━━━ PROVIDED DATA ━━━

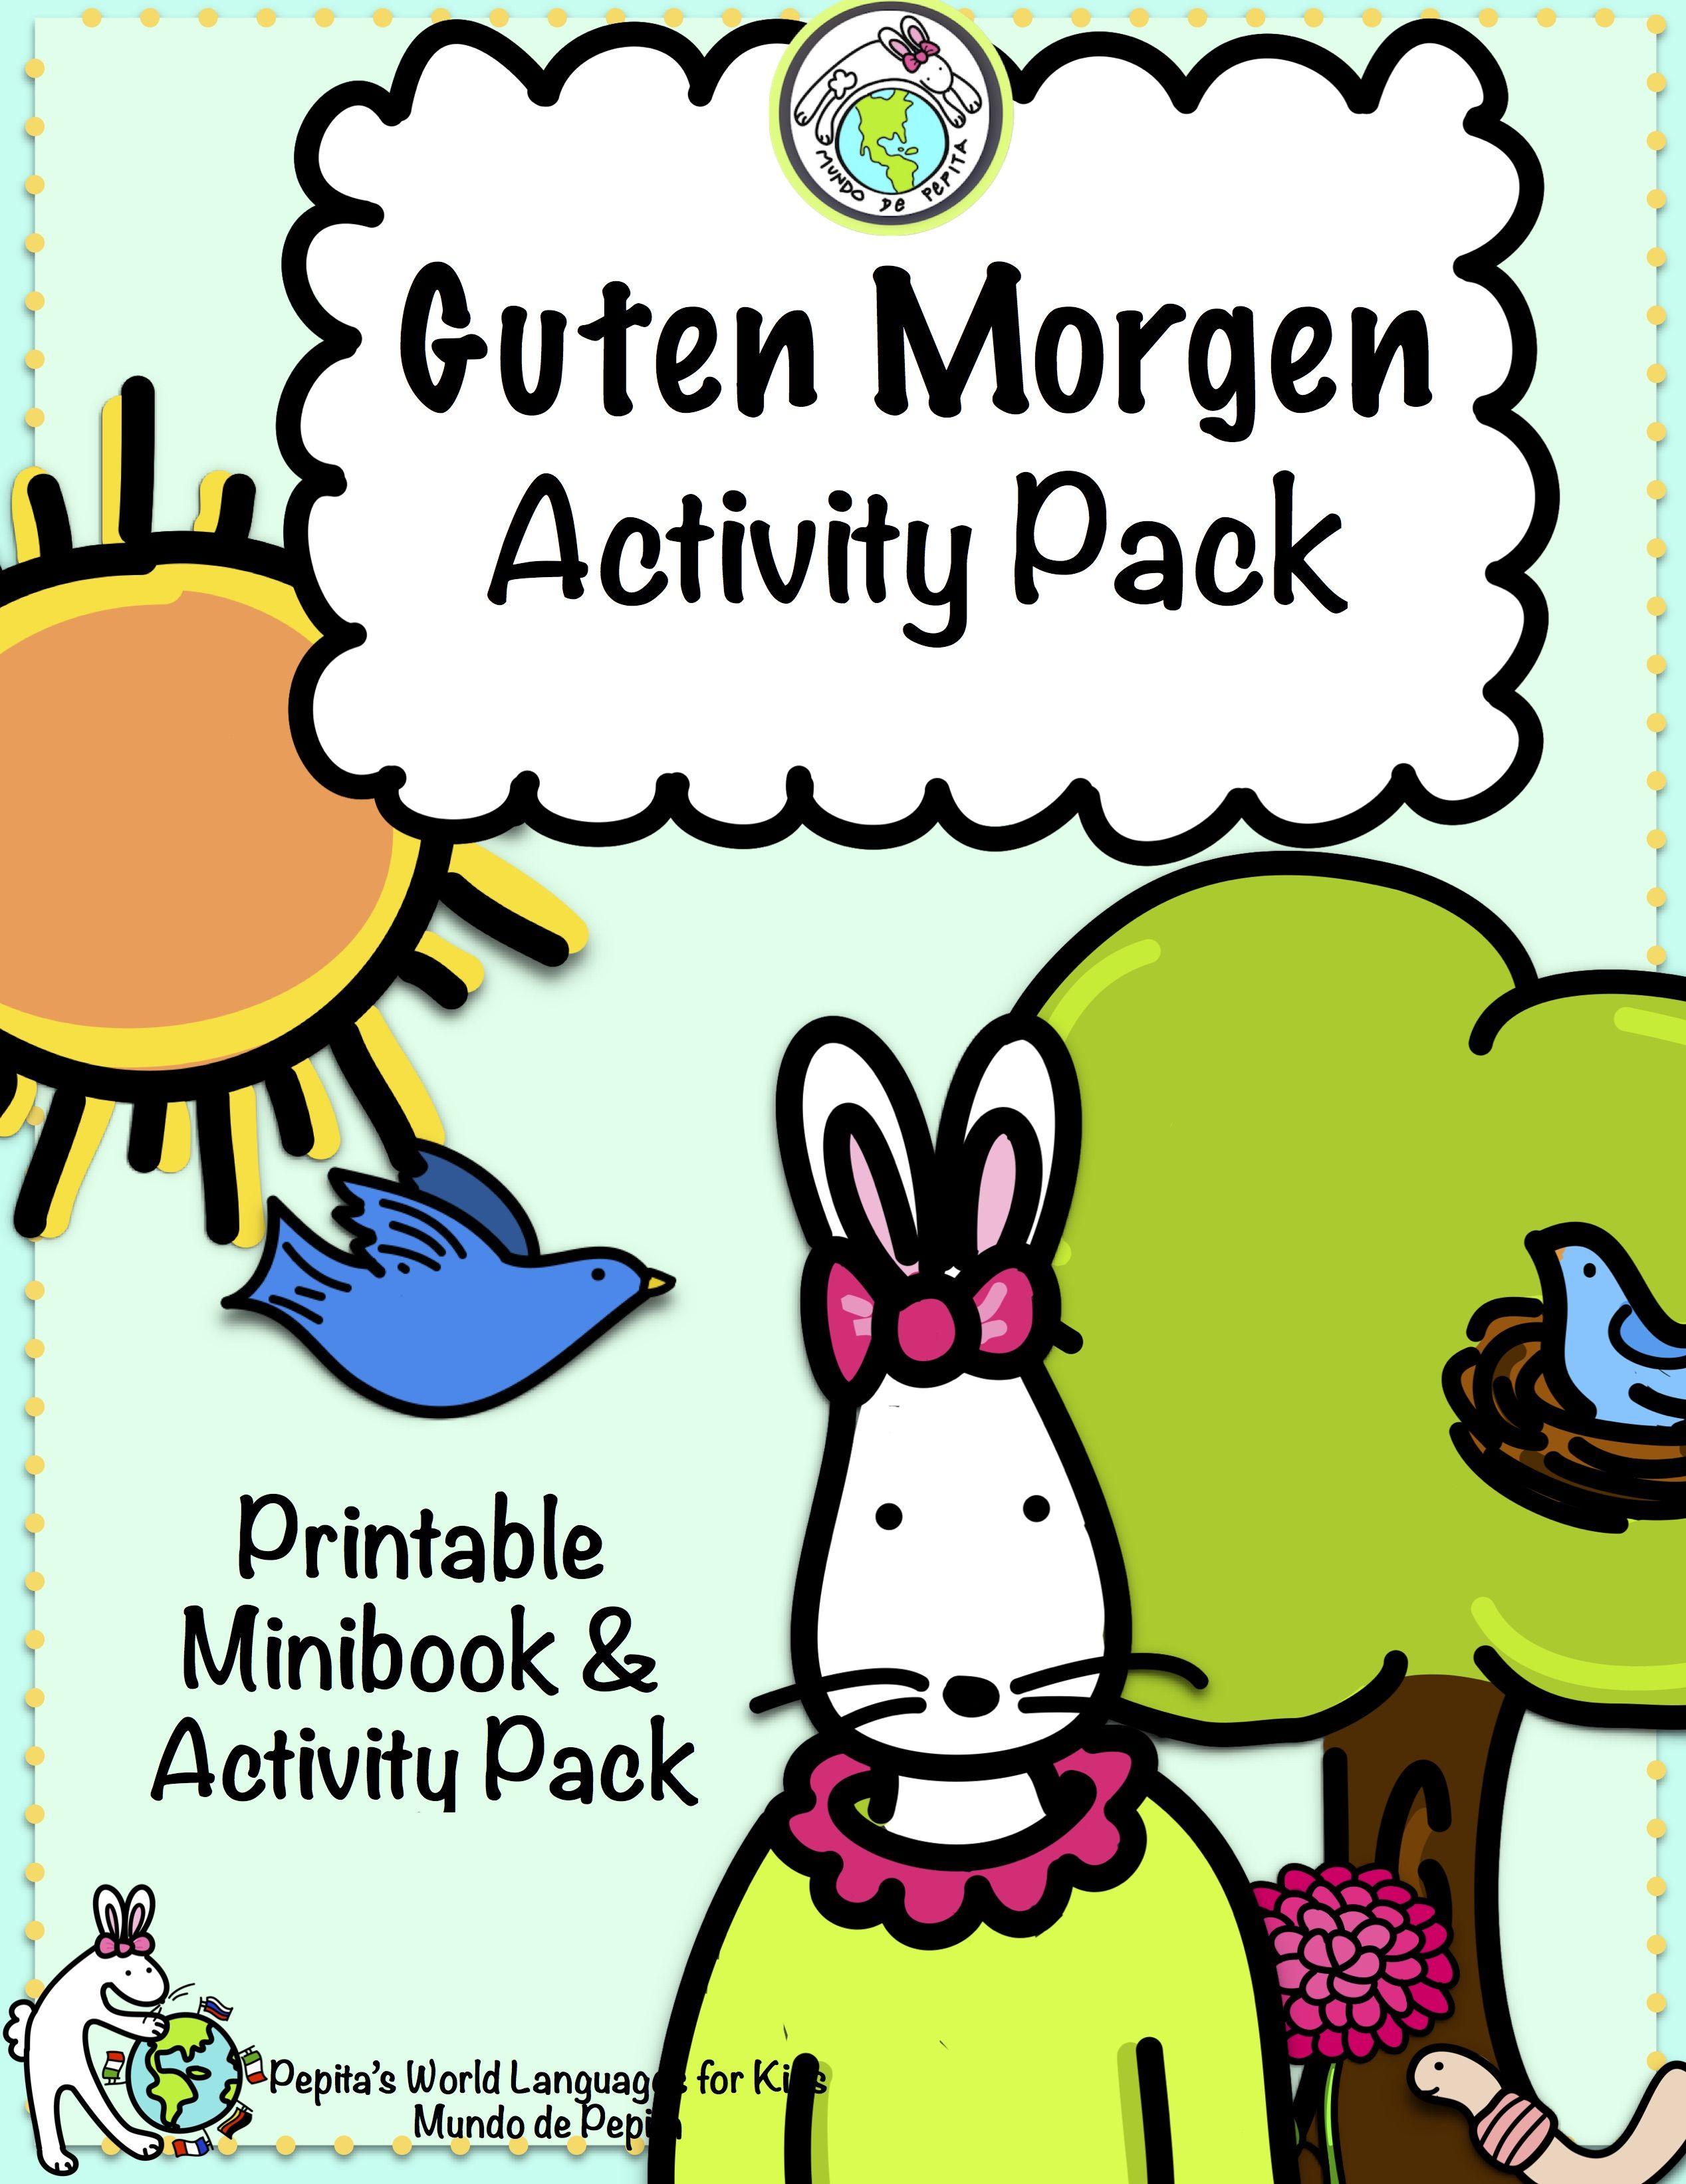 Guten Morgen Greetings Minibook And Activity Pack In German German
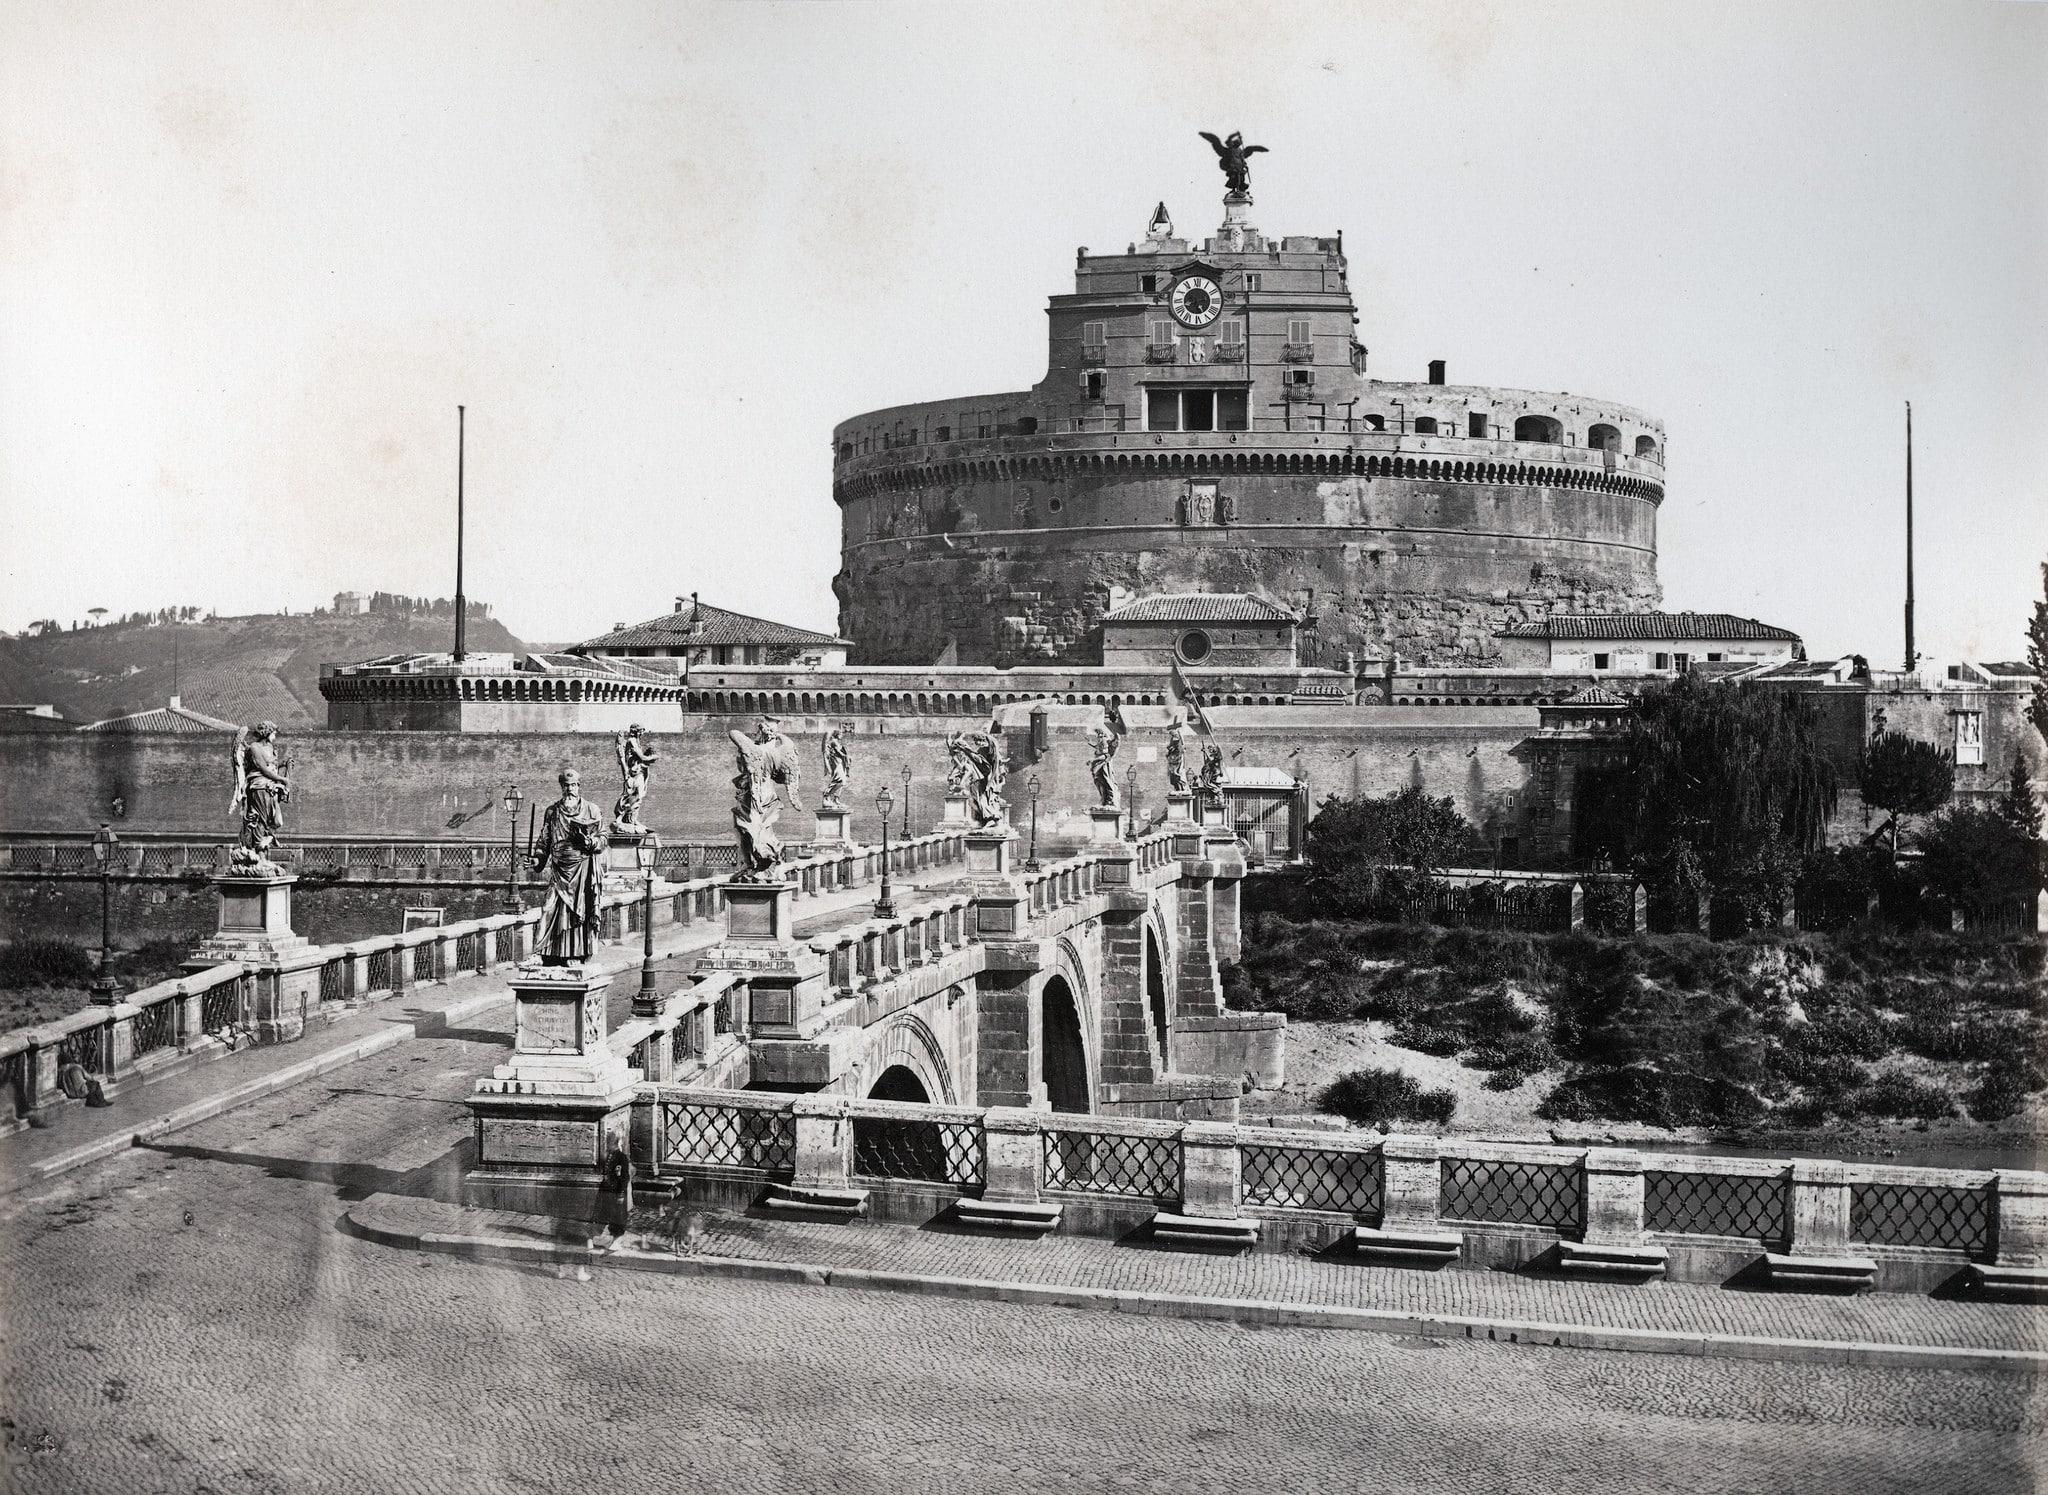 Pompeo Molins - Castel Sant' Angelo, ca 1860
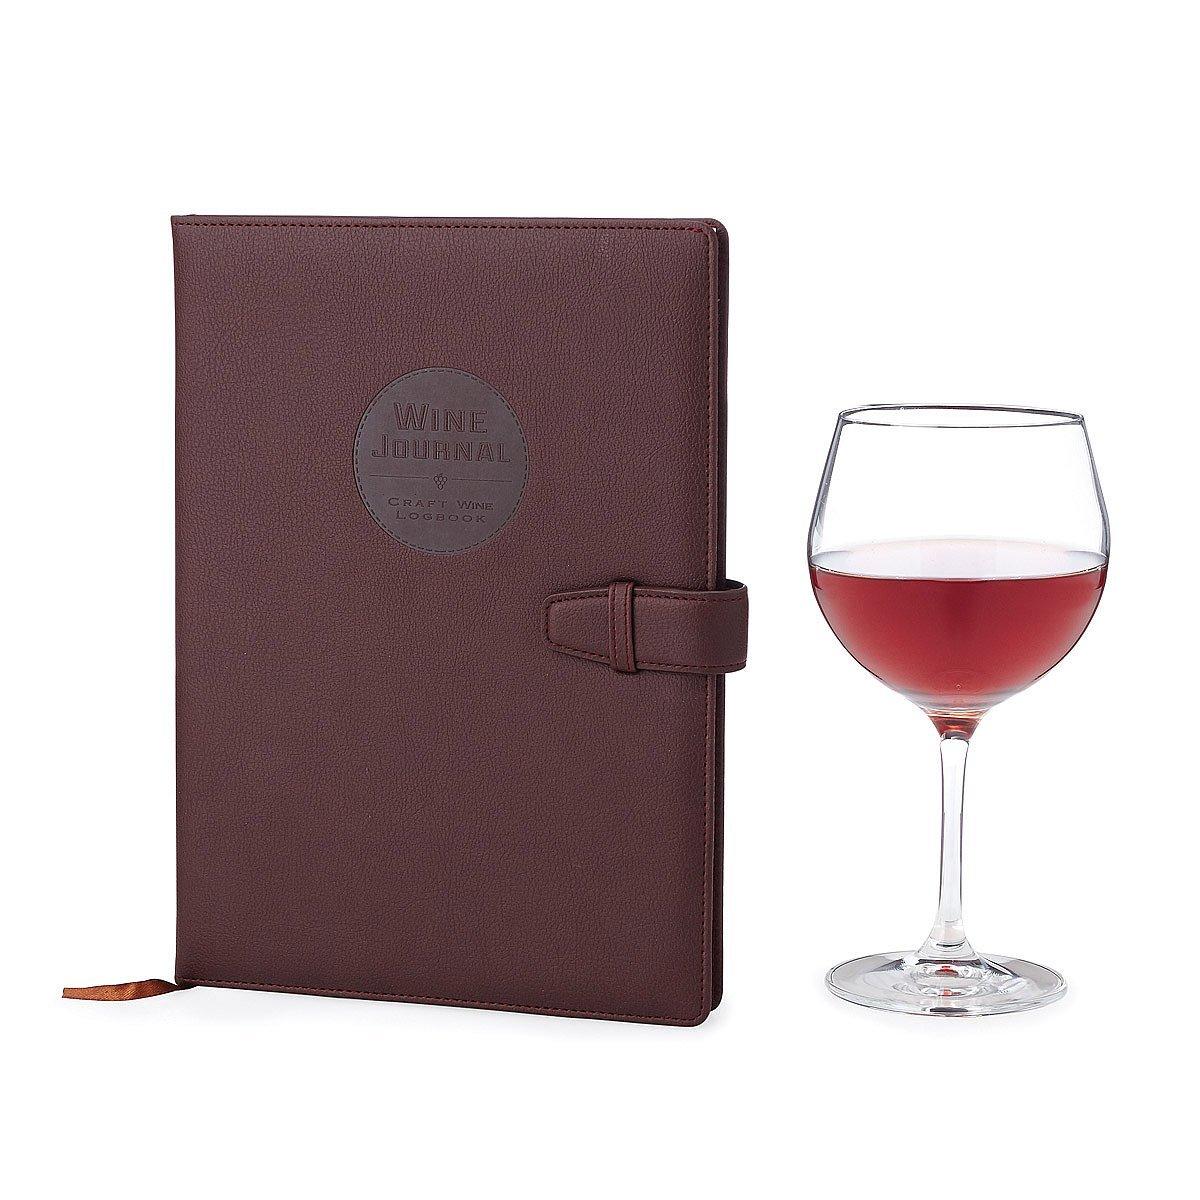 Wine Making Journal | Space for 70+ wine recipes, Wine Glasses, Wine Colors, Wine Bottles, Yeast Strain Information, Wine Label Breakdown |

━━━

§ WORK REQUEST: Skip the images and set down the rest of the data unchanged.

§ FINAL ANSWER:
 Guten Morgen Greetings Minibook And Activity Pack In German German
 Pompeo Molins - Castel Sant' Angelo, ca 1860
 Wine Making Journal | Space for 70+ wine recipes, Wine Glasses, Wine Colors, Wine Bottles, Yeast Strain Information, Wine Label Breakdown |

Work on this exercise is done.